Government Finally Stops Requiring Agencies To Report On Impacts Of Y2K


The government has finally stopped requiring federal agencies to produce reports on the effects of the year 2000 on computers Thursday, 17 years after the computer scare proved to be a non-issue.

That policy, along with 58 other redundant and unnecessary polices, is the target of Director of Management and Budget Mick Mulvaney’s 12-page memo about wasteful policies that should be ended.

“Everybody knows we do crap like this,” Mulvaney told reporters, the Washington Examiner reports. “We do a lousy job of clearing out our closets.”

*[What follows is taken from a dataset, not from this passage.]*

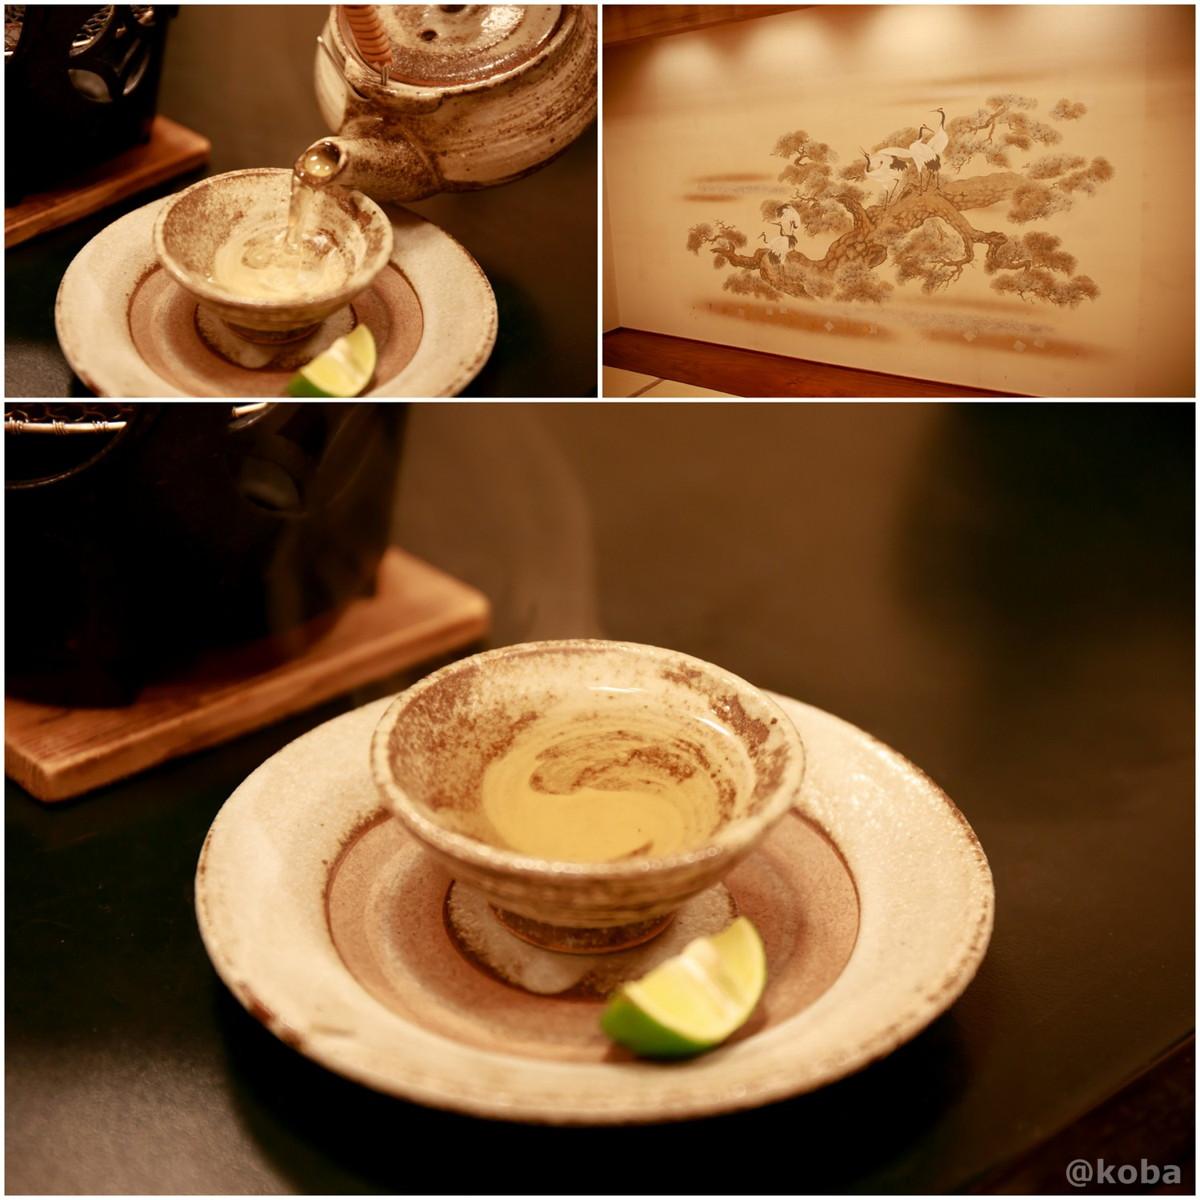 舞茸の土瓶蒸しの写真│たんげ温泉 美郷館(みさとかん)│群馬県 吾妻郡

The Office of Management and Budget required agencies to produce a number of reports leading up to and through the year 2000, when some predicted that computers used by corporate and government systems would crash and be unable to process information at midnight Jan. 1, 2000. Those seven policies stayed in effect until Thursday, though it’s unclear whether agencies continued to report on the issues.

“It just clogs the operation of government,” Mulvaney said of the outdated reporting rules.

Other policies eliminated in the memo include reporting requirements that have been superseded by other OMB guidance, and many procurement policies that Mulvaney says were more focused “on rigid compliance with meeting a goal,” not incentivizing contractor performance.

Mulvaney also stopped requiring reports on the costs of British Petroleum’s 2010 Deepwater Horizon oil spill because one of the purposes of tracking the cost was for ongoing litigation. BP reached a settlement agreement regarding the litigation in 2016.

Mulvaney said that the list of eliminated, paused or modified policies should be an example for President Donald Trump’s “War on Waste,” and that the federal government could save as much as $140 billion over the next decade by ending redundant rules.